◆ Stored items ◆
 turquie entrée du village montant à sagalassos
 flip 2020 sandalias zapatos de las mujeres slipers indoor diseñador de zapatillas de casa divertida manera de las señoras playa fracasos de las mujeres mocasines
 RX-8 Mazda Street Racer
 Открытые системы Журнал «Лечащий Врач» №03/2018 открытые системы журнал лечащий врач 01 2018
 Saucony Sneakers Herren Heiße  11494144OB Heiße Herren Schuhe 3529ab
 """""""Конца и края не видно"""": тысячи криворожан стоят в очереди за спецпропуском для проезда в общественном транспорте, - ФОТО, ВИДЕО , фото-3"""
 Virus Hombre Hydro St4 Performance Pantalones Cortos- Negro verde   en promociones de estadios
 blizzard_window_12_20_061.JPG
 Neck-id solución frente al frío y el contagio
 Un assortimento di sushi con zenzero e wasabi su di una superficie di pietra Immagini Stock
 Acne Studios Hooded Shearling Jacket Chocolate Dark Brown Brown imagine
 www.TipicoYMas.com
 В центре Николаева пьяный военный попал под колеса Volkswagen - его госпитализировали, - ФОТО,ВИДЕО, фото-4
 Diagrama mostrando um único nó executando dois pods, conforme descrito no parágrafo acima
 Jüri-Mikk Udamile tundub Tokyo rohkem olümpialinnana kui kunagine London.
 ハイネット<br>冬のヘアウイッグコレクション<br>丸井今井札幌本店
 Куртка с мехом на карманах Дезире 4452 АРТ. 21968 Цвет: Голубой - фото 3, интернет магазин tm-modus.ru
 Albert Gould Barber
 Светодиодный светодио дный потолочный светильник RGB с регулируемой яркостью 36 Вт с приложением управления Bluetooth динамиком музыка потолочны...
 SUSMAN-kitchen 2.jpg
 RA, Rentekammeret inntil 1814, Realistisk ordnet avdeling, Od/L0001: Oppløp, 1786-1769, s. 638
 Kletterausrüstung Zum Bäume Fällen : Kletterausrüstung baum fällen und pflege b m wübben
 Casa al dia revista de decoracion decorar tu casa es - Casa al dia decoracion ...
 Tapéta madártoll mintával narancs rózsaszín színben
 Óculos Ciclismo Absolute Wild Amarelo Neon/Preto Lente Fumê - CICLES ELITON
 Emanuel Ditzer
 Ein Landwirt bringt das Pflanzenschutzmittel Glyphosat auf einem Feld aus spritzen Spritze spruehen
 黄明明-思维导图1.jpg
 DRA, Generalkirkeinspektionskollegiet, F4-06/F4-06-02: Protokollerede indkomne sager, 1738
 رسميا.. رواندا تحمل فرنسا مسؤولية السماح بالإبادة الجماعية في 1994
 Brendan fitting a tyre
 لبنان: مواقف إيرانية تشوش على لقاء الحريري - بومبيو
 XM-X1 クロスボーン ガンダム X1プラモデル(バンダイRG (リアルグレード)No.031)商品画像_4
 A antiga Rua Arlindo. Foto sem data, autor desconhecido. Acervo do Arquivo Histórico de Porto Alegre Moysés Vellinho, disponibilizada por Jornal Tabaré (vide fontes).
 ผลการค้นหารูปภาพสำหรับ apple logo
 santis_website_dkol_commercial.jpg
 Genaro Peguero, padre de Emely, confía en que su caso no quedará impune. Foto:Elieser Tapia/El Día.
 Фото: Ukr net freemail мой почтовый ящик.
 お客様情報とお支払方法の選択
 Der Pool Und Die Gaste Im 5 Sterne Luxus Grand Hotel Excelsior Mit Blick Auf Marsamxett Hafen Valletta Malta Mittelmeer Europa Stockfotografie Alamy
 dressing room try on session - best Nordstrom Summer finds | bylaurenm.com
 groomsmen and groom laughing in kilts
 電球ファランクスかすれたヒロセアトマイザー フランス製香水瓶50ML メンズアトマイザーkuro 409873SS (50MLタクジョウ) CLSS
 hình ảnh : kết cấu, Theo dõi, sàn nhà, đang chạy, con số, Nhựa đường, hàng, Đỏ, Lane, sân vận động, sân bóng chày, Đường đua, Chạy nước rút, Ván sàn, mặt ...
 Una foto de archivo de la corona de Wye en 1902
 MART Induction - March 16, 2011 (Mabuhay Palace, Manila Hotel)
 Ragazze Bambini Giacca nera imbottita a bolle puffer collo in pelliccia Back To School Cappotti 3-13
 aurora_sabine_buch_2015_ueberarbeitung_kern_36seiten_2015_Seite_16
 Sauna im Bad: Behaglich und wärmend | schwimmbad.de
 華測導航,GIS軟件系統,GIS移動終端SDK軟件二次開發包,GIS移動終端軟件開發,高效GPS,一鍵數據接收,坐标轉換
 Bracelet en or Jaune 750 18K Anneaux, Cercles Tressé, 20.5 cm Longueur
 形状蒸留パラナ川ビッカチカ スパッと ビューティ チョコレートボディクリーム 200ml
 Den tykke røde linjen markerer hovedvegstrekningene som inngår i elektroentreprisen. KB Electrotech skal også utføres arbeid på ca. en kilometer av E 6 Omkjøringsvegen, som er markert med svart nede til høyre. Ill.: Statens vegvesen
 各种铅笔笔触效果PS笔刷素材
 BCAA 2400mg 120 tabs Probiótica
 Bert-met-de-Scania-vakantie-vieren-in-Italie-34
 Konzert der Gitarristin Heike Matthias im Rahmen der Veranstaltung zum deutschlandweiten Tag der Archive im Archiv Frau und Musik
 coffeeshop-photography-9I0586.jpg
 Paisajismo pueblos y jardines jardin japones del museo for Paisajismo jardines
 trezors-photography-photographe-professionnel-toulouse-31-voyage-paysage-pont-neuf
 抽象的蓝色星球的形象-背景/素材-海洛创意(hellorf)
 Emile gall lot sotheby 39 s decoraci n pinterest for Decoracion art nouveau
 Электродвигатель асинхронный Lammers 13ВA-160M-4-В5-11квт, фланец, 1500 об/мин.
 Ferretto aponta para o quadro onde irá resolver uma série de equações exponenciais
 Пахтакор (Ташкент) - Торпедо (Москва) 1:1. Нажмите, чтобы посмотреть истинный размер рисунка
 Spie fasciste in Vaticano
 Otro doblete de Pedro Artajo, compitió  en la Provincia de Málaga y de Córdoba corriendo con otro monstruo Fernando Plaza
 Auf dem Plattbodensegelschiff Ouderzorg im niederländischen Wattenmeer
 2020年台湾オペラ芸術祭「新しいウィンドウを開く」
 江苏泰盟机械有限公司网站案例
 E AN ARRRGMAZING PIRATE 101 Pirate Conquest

◆ AIM OF THE TASK ◆
Could you reproduce, exactly, every line above from the line with "blizzard_window_12_20_061.JPG" to the line with "В центре Николаева", and no other line? Both ends count.

◆ WRITTEN REPLY ◆
 blizzard_window_12_20_061.JPG
 Neck-id solución frente al frío y el contagio
 Un assortimento di sushi con zenzero e wasabi su di una superficie di pietra Immagini Stock
 Acne Studios Hooded Shearling Jacket Chocolate Dark Brown Brown imagine
 www.TipicoYMas.com
 В центре Николаева пьяный военный попал под колеса Volkswagen - его госпитализировали, - ФОТО,ВИДЕО, фото-4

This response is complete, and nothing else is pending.